Dengler and the others decide to escape when they overhear the guards wanting to kill them so they can return to their villages (the guards are not fed much better than the prisoners, which suggests that Herzog does not see them as one-dimensional action-adventure villains). The middle section of the film is composed of long sequences in which the prisoners endure their daily lives in the camp, plotting and trying to stay alive. Once they escape, it focuses on the hardships endured by Dengler and Martin as they made their way through the countryside, trying to evade capture and overcome the elements as they head toward the border of Thailand and possible rescue. It is here that we can feel Herzog truly sinking into his element, and moments in Rescue Dawn begin to play like reflections of his great masterpiece Aguirre, the Wrath of God (1972), in which a party of Spanish conquistadors in a futile search for gold are driven to death and madness by the Amazonian rainforest.

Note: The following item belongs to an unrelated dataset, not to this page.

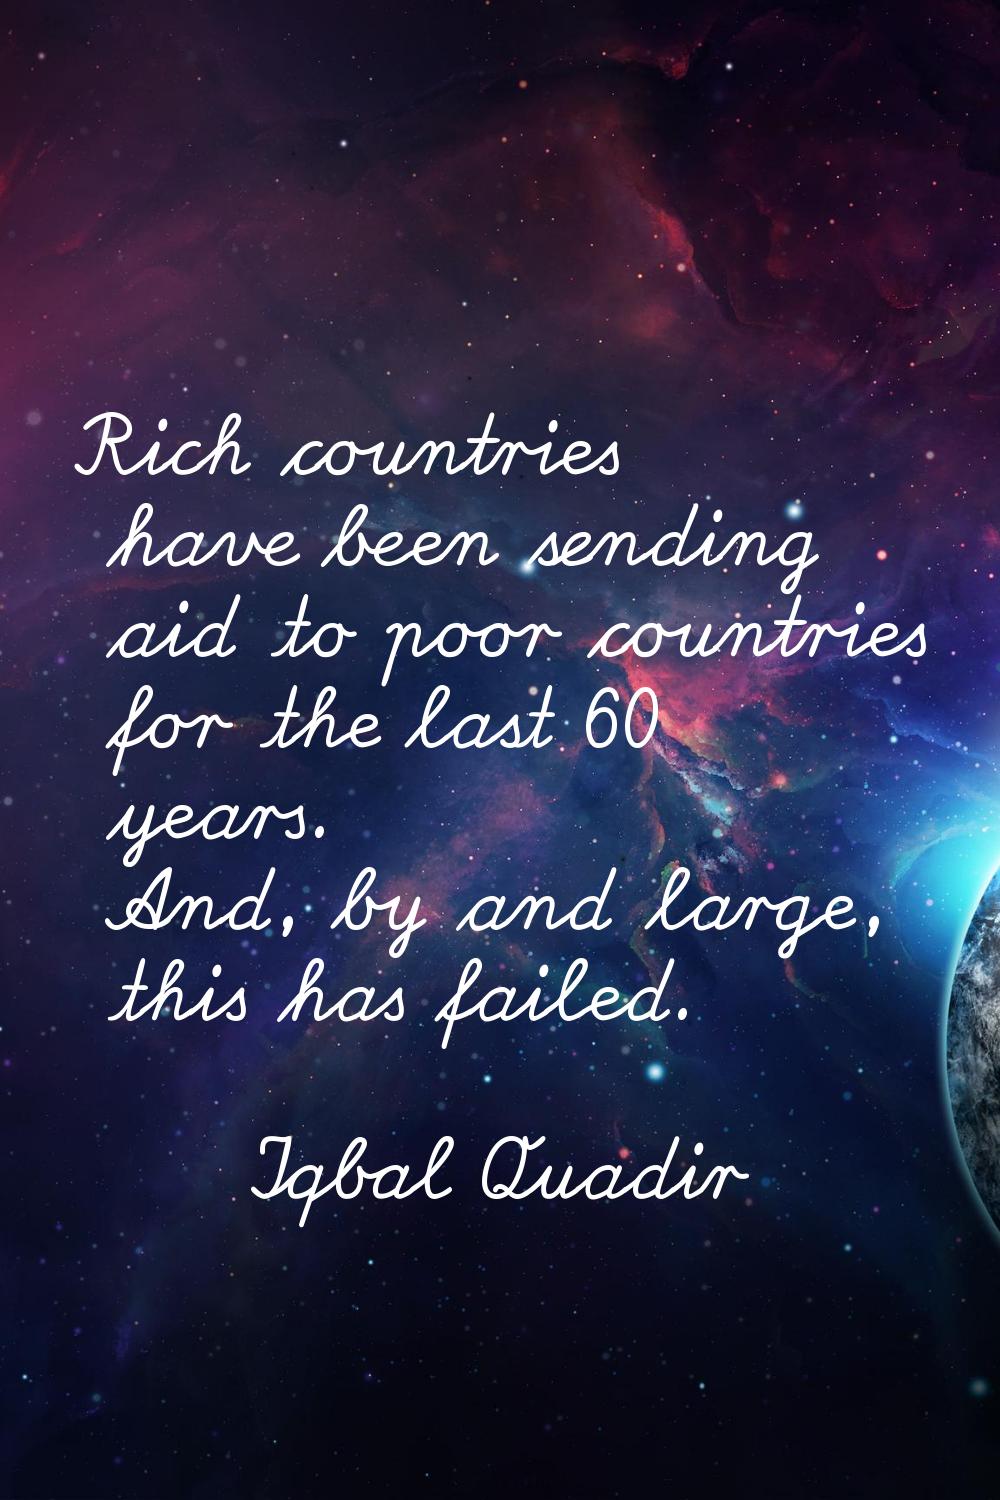 Rich countries have been sending aid to poor countries for the last 60 years. And, by and large, th
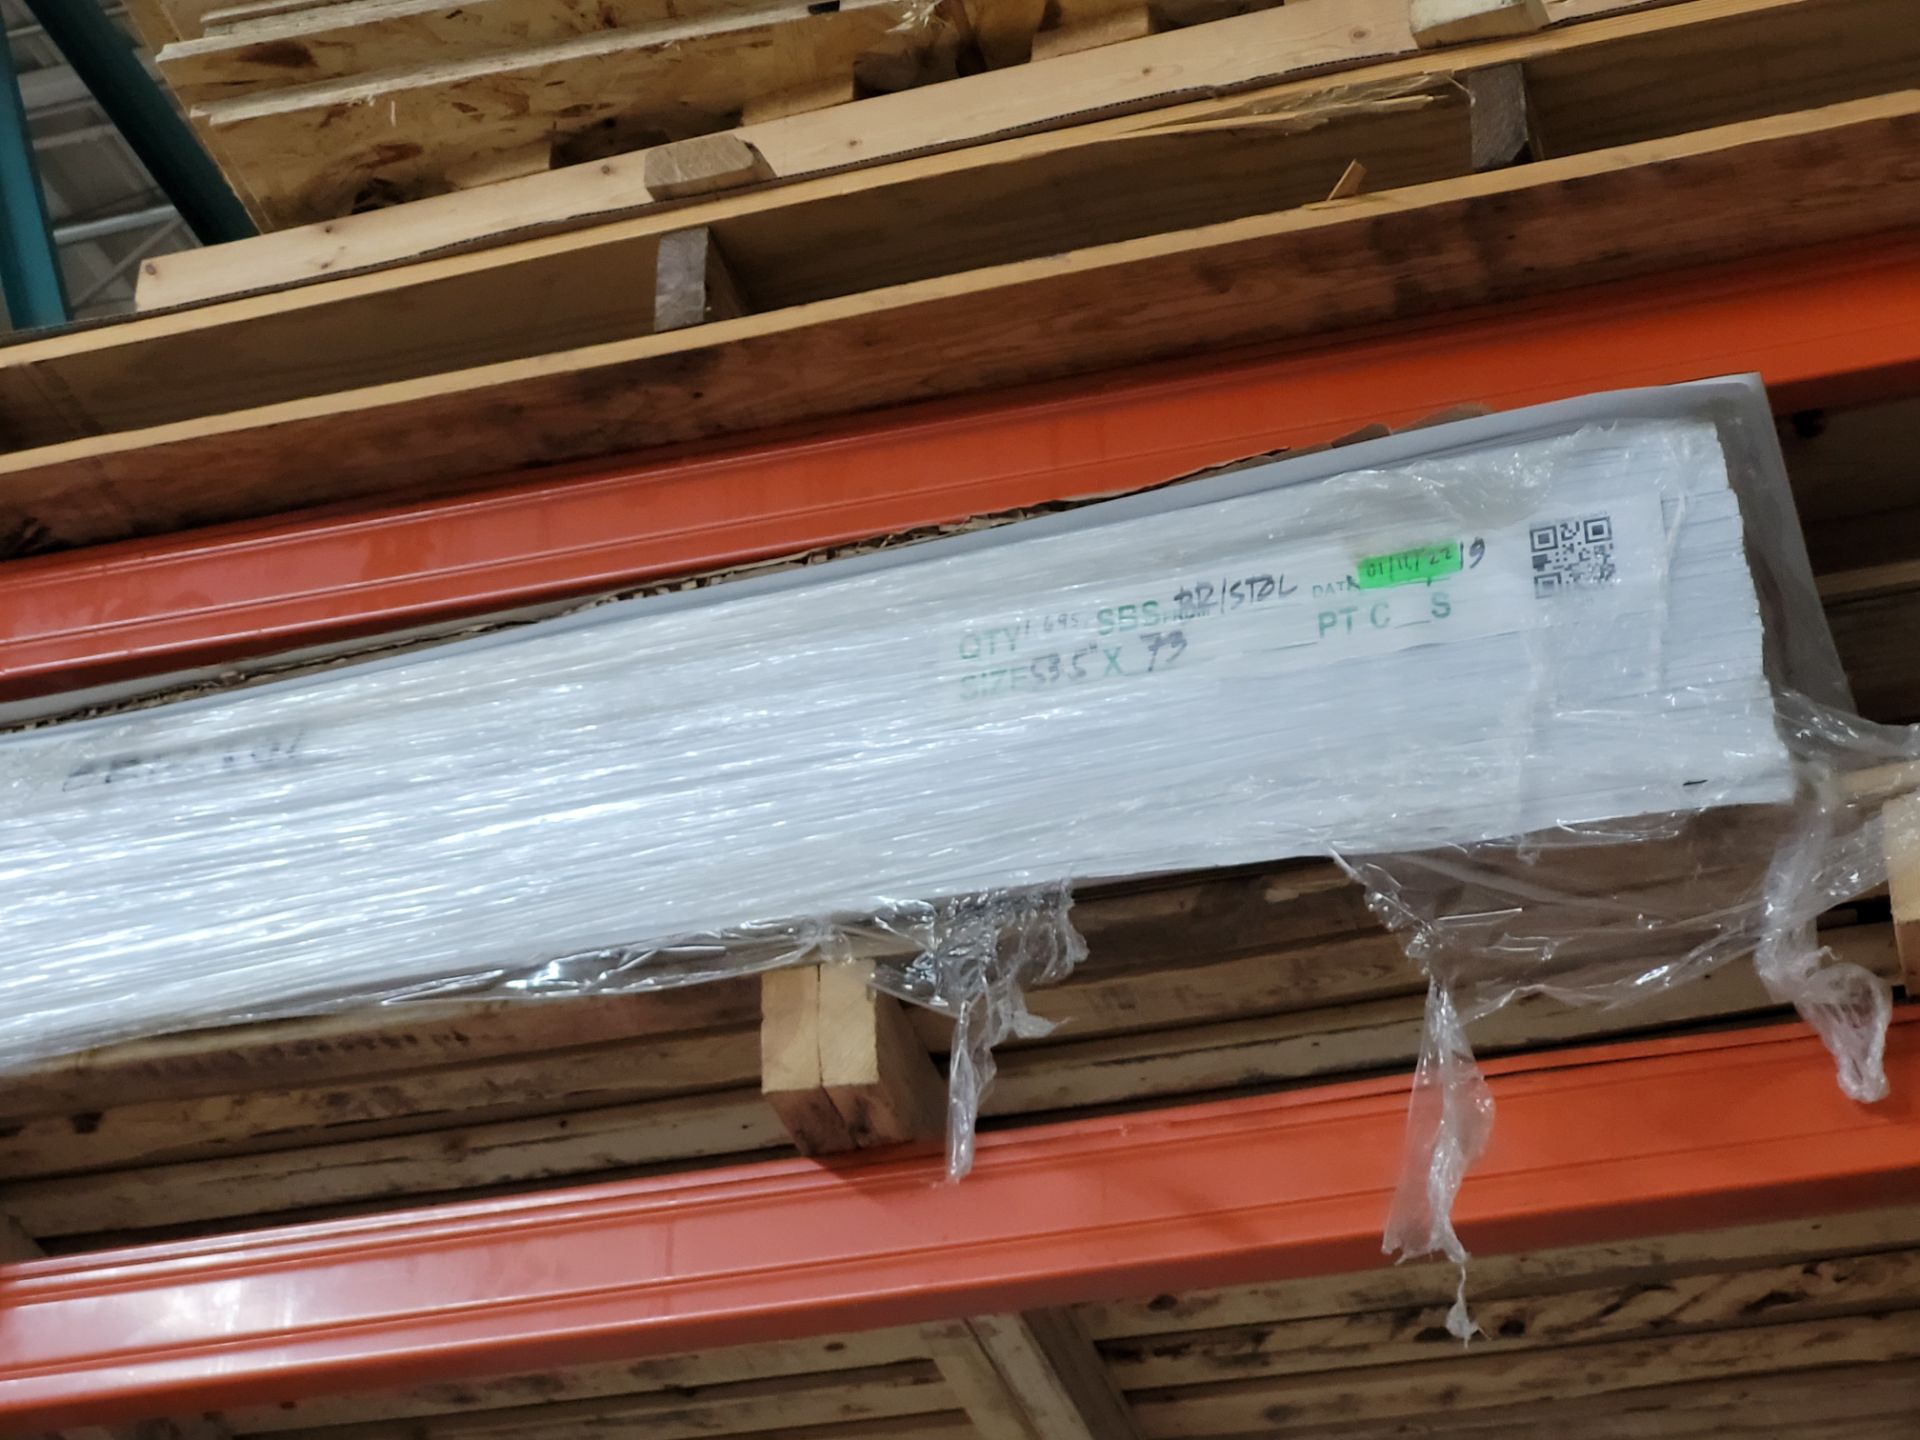 Lot of (4) Pallets and Contents of Sheets incl. STYREME PEF 20pt, 107/ct, 48x26, 4ct SINTRA 39.5x48 - Image 4 of 4

The crucial distinction, though, is that Rescue Dawn is ultimately a story of triumph. It is, in fact, a genuinely uplifting film, which one does not always readily associate with Herzog, the great “madman” the New German Cinema. Dengler's story, amended and exaggerated here and there to emphasize his seemingly superhuman triumph, is one of perseverance and hope, and you can sense that Herzog has a real affinity for the man. He and Dengler had many things in common, most notably their growing up in Nazi Germany and doing everything in their power to throw off the shackles of that history in their adult years (Herzog through the cinema and Dengler by moving to the U.S. and becoming a Navy pilot).
Christian Bale embodies Dengler with raw physicality that few actors would dare embrace; you can literally watch him wasting away as the film progresses, losing all the soft, boyish enthusiasm that characterized him in the first reel until he is a hollowed out skeleton. Yet, as the film emphasizes several times in its closing moments, Dengler was never defeated. He maintained hope throughout his ordeal, and even when he becomes infuriated by the cruelties of fate and miscommunication (in trying to flag down a U.S. chopper at one point, he is shot at and nearly killed because the gunner mistakes him for a Viet Cong soldier), he never lets his soul becomes as emaciated as his body. Rescue Dawn is nothing if not a thrilling adventure story on its mainstream surface, but at its core it is a war of emotions in which Herzog's obsession with death becomes a tortured paean to the indefatigable human desire to survive.